The proportion of NAb-positive patients by week 52 was 7.0% (n = 10) and 5.2% (n = 8) with OZR 30 mg and 80 mg in the OHZORA trial, respectively [14], and 27.7% (n = 26) and 2.2% (n = 1) with OZR 30 mg and 80 mg in the NATSUZORA trial, respectively [15]. Comparison according to the status of NAbs showed that the OZR plasma concentration decreased in NAb-positive patients in the 30 mg group of the NATSUZORA trial, and the ACR20 response rate at week 24 was 74.3% (55/74) in NAb-negative and 44.4% (8/18) in NAb-positive patients.
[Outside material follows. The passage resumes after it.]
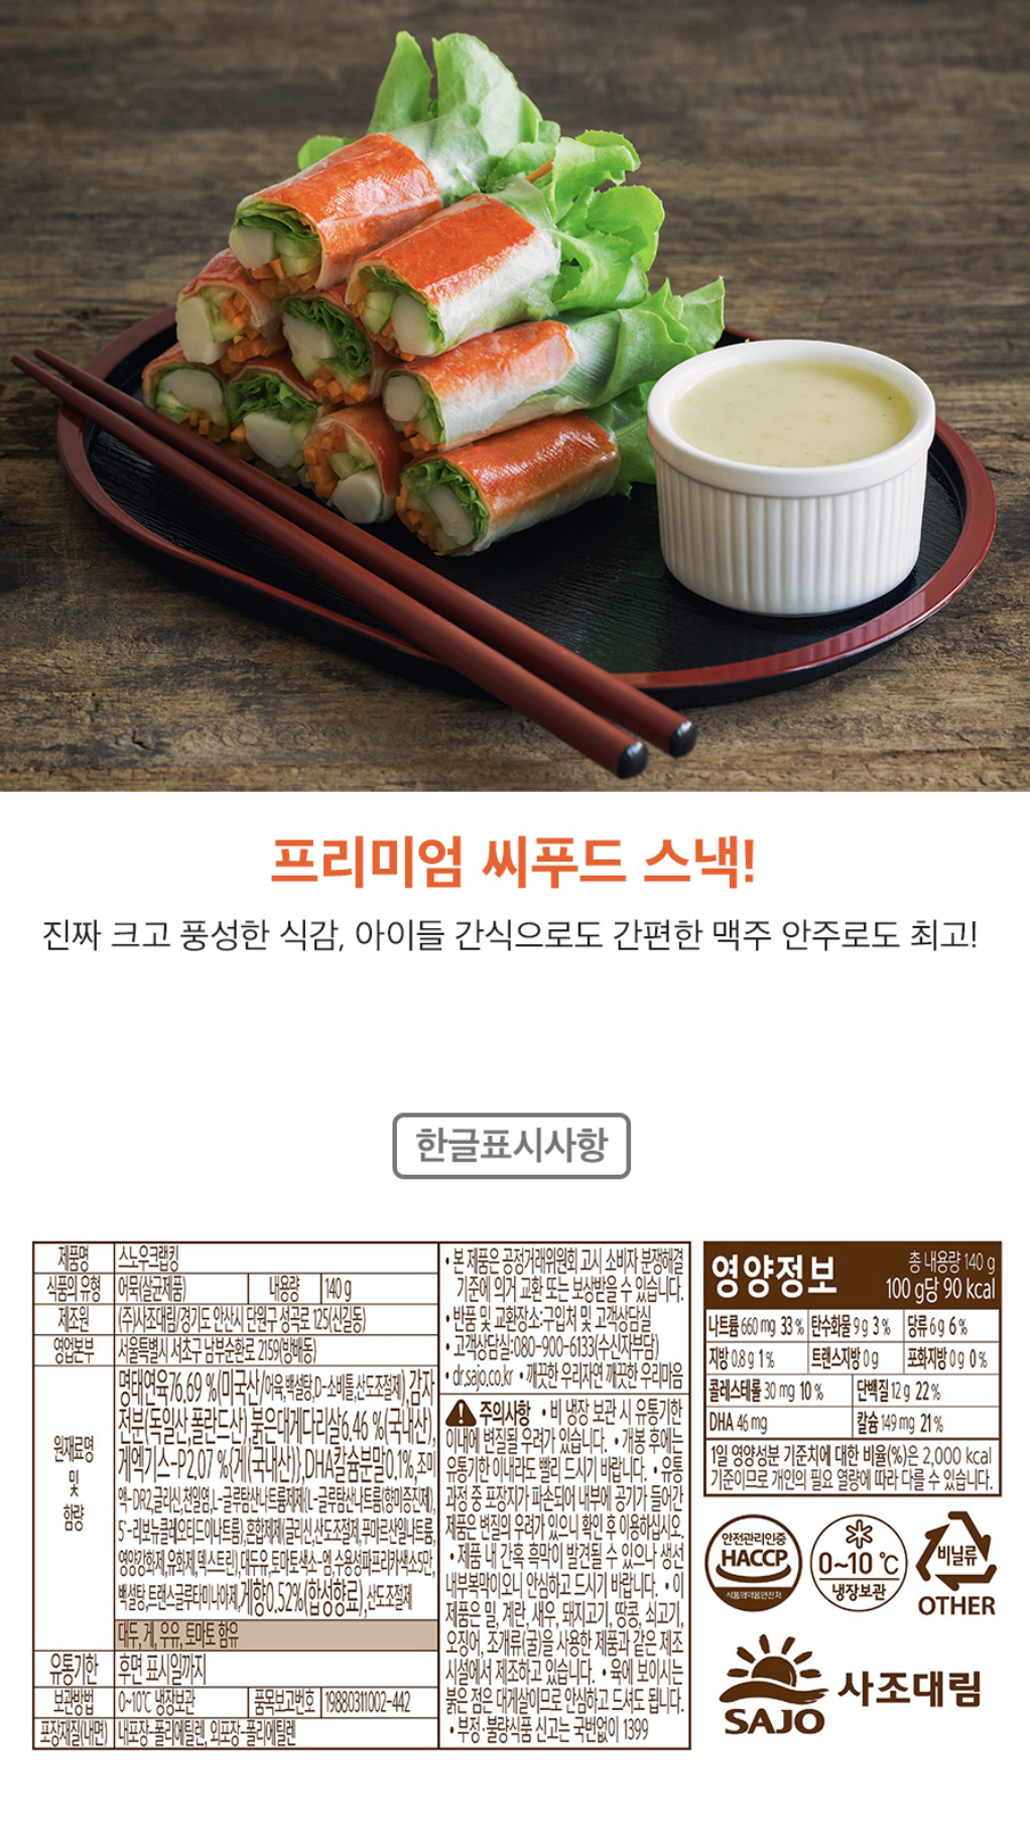 韓國食品-[Sajodaerim] Snow Crab King 140g

Meanwhile, the ACR20 response rate at week 52 was 75.0% (51/68) and 68.0% (17/25) in NAb-negative and NAb-positive patients, respectively. As only two patients in the 30 mg group of the OHZORA trial at week 16 and one patient in the 80 mg group of the NATSUZORA trial at week 24 were NAb-positive, the effects of NAbs on OZR efficacy are unclear (Additional file 4, Supplementary Fig. S3) [15].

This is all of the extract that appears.